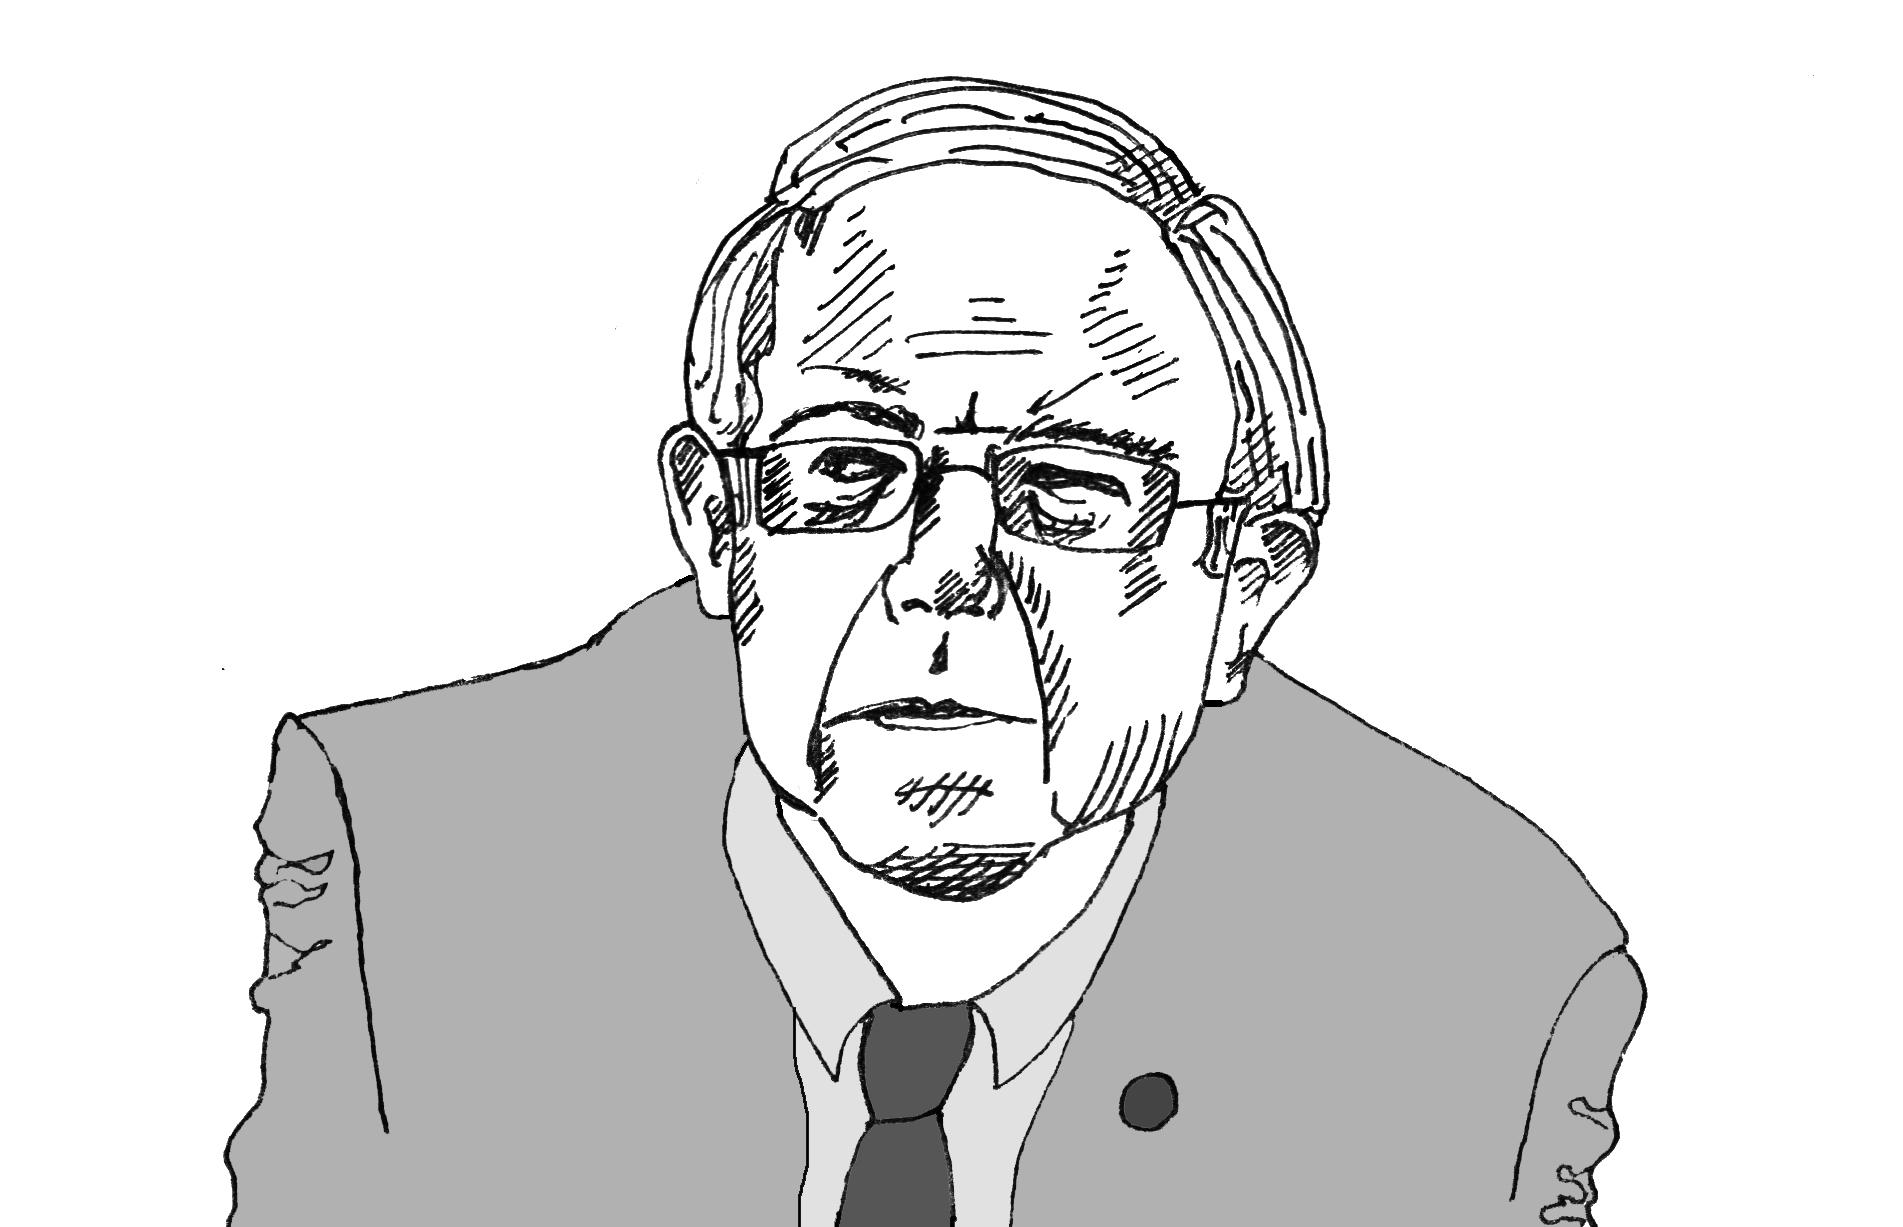 O'Rourke Joins Sanders in Slamming Biden for Taking PAC Money
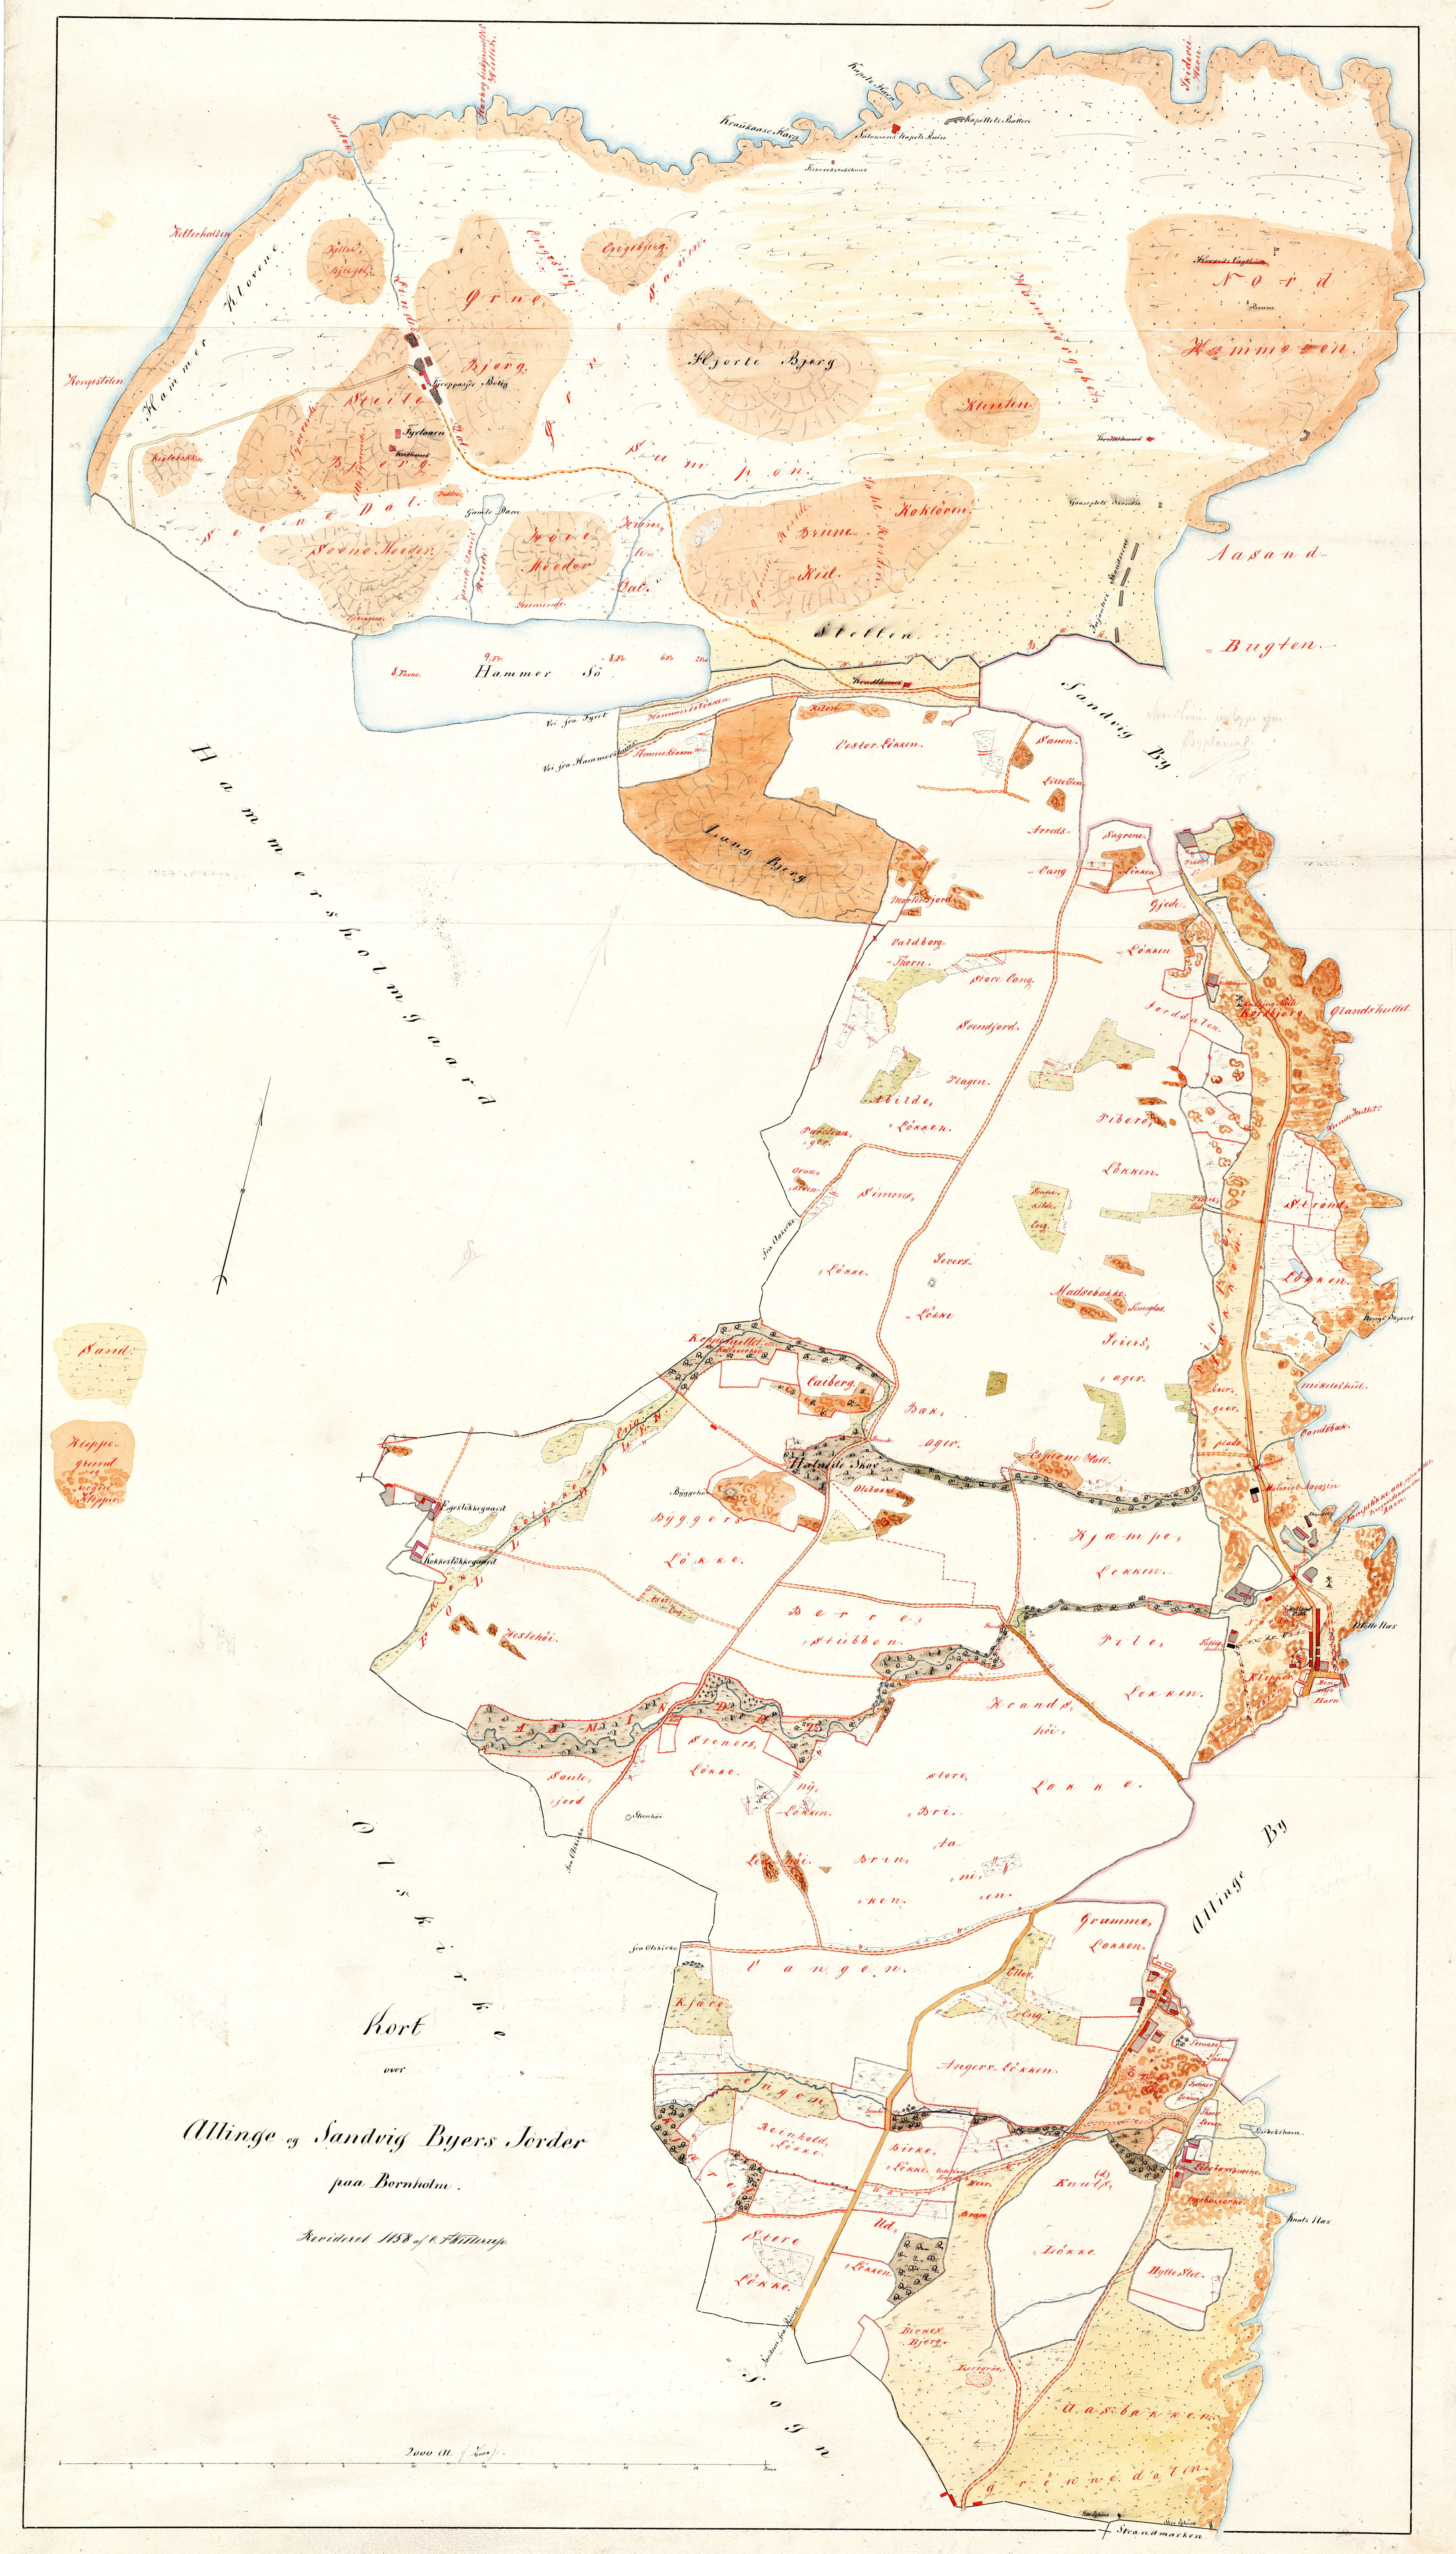 C.F.Willerups opmåling af Allinge og Sandvig byers jorder 1858
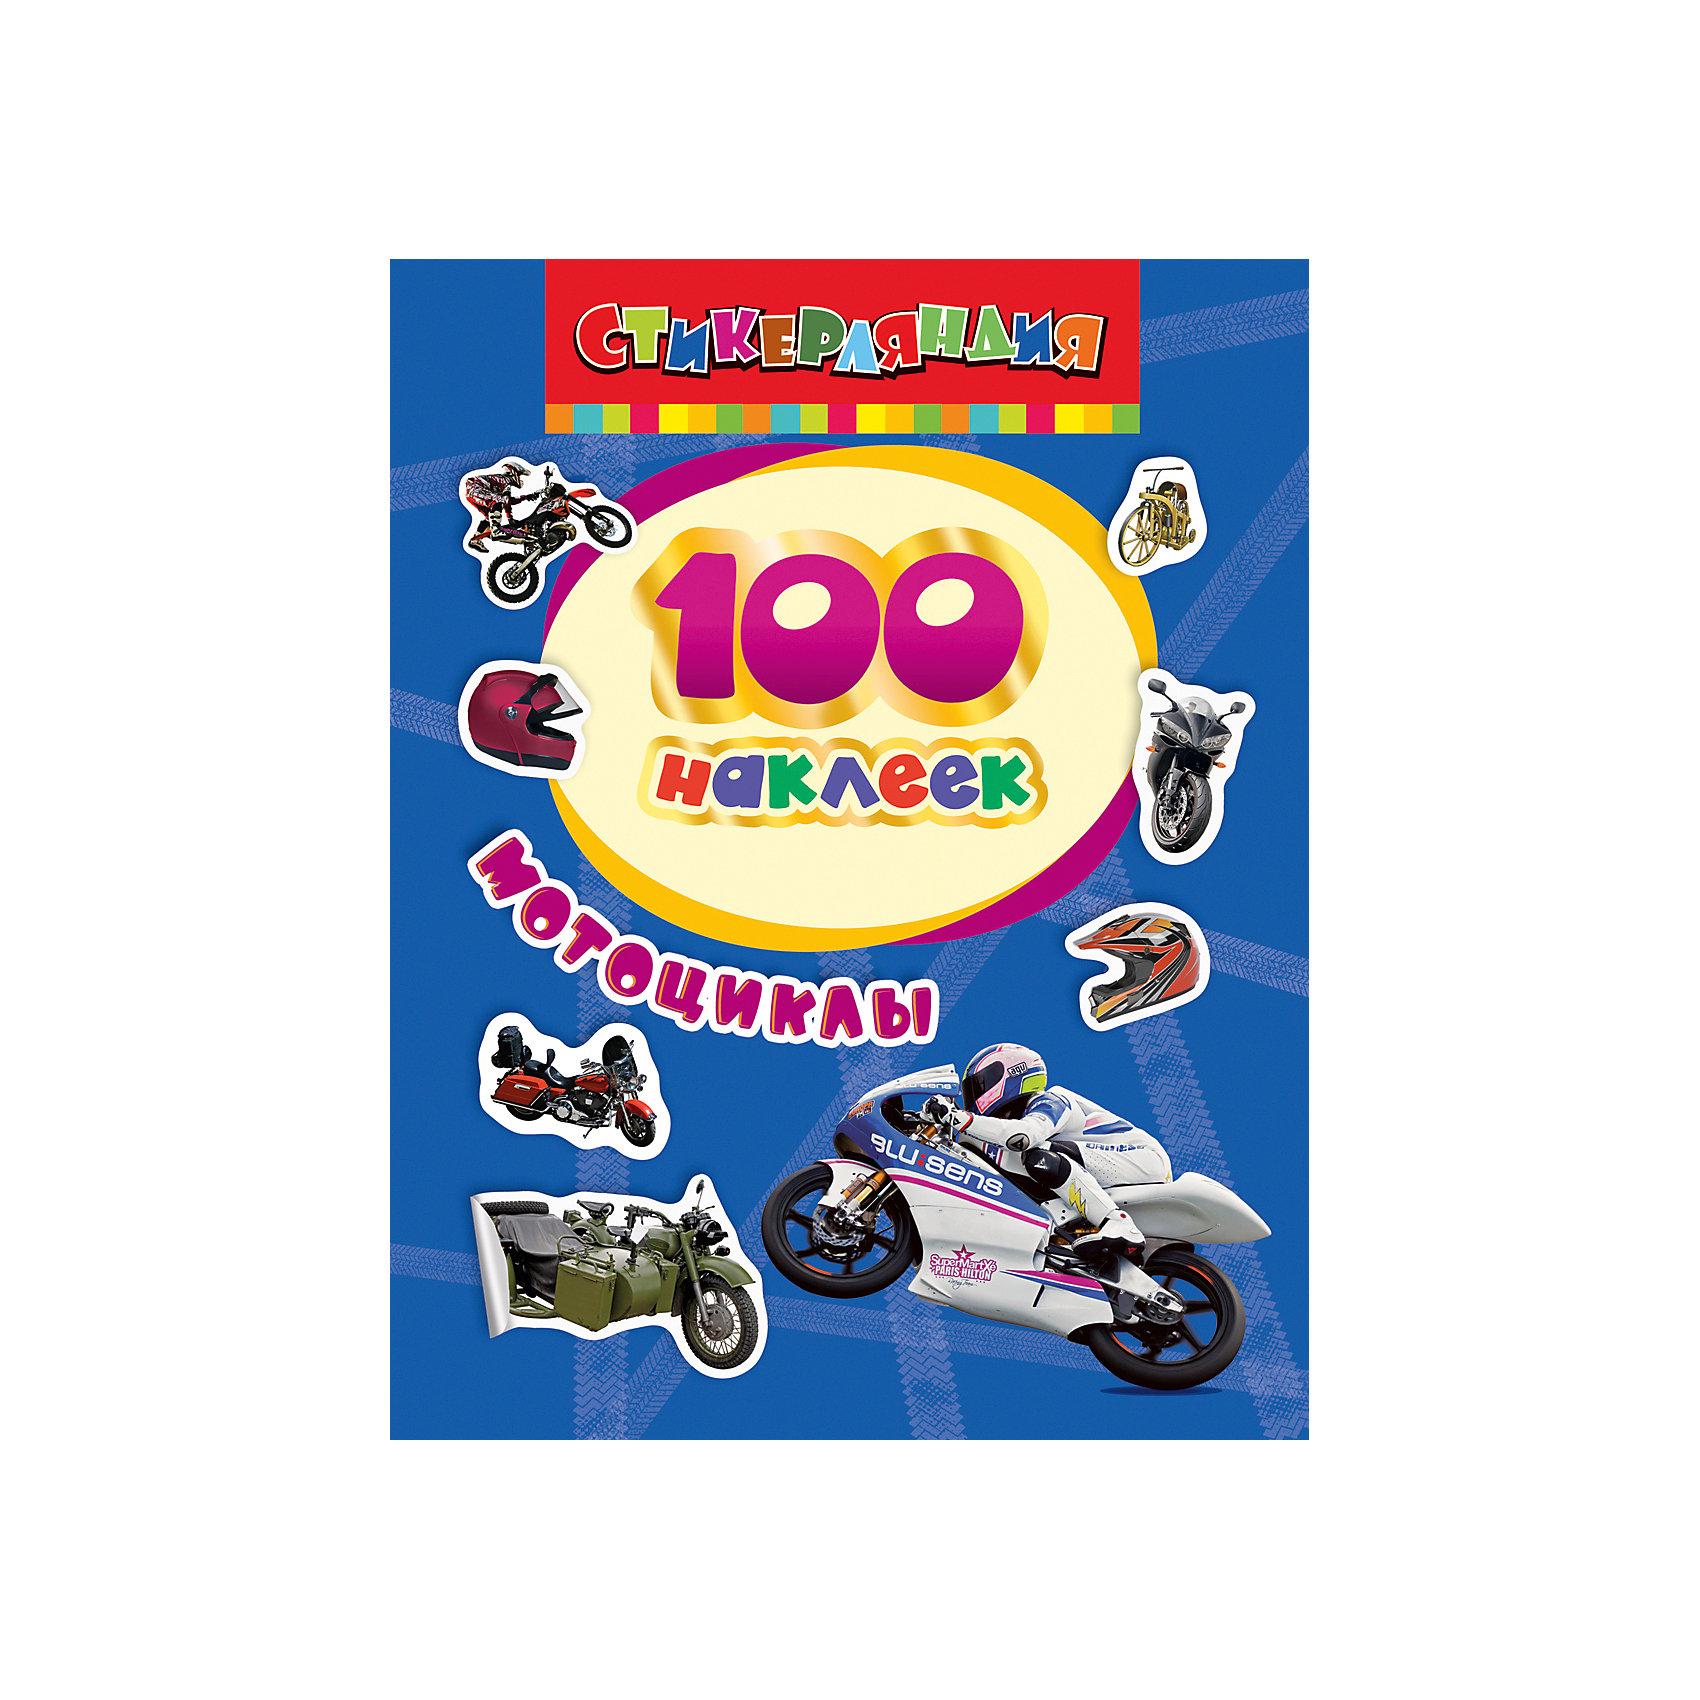 100 наклеек. МотоциклыРосмэн<br>Альбом 100 наклеек. Мотоциклы станет приятным сюрпризом для Вашего ребенка. В альбоме содержится 100 тематических наклеек с красочными изображениями мотоциклов различных типов и марок. Наклейки прекрасно подойдут для украшения рисунков, открыток, различных предметов и игрушек.<br><br>Дополнительная информация:<br><br>- Обложка: мягкая.<br>- Иллюстрации: цветные.<br>- Объем: 8 стр.<br>- Размер: 20 х 15 х 0,2 см.<br>- Вес: 36 гр.<br><br>100 наклеек. Мотоциклы, Росмэн, можно купить в нашем интернет-магазине.<br><br>Ширина мм: 200<br>Глубина мм: 150<br>Высота мм: 2<br>Вес г: 36<br>Возраст от месяцев: 0<br>Возраст до месяцев: 72<br>Пол: Мужской<br>Возраст: Детский<br>SKU: 4408718

* * *

## TASK
From the first line above down to the line with "C.F.Willerups opmåling af", reproduce every line and no others, omitting pictures.

## RESPONSE AREA
 O'Rourke Joins Sanders in Slamming Biden for Taking PAC Money
 C.F.Willerups opmåling af Allinge og Sandvig byers jorder 1858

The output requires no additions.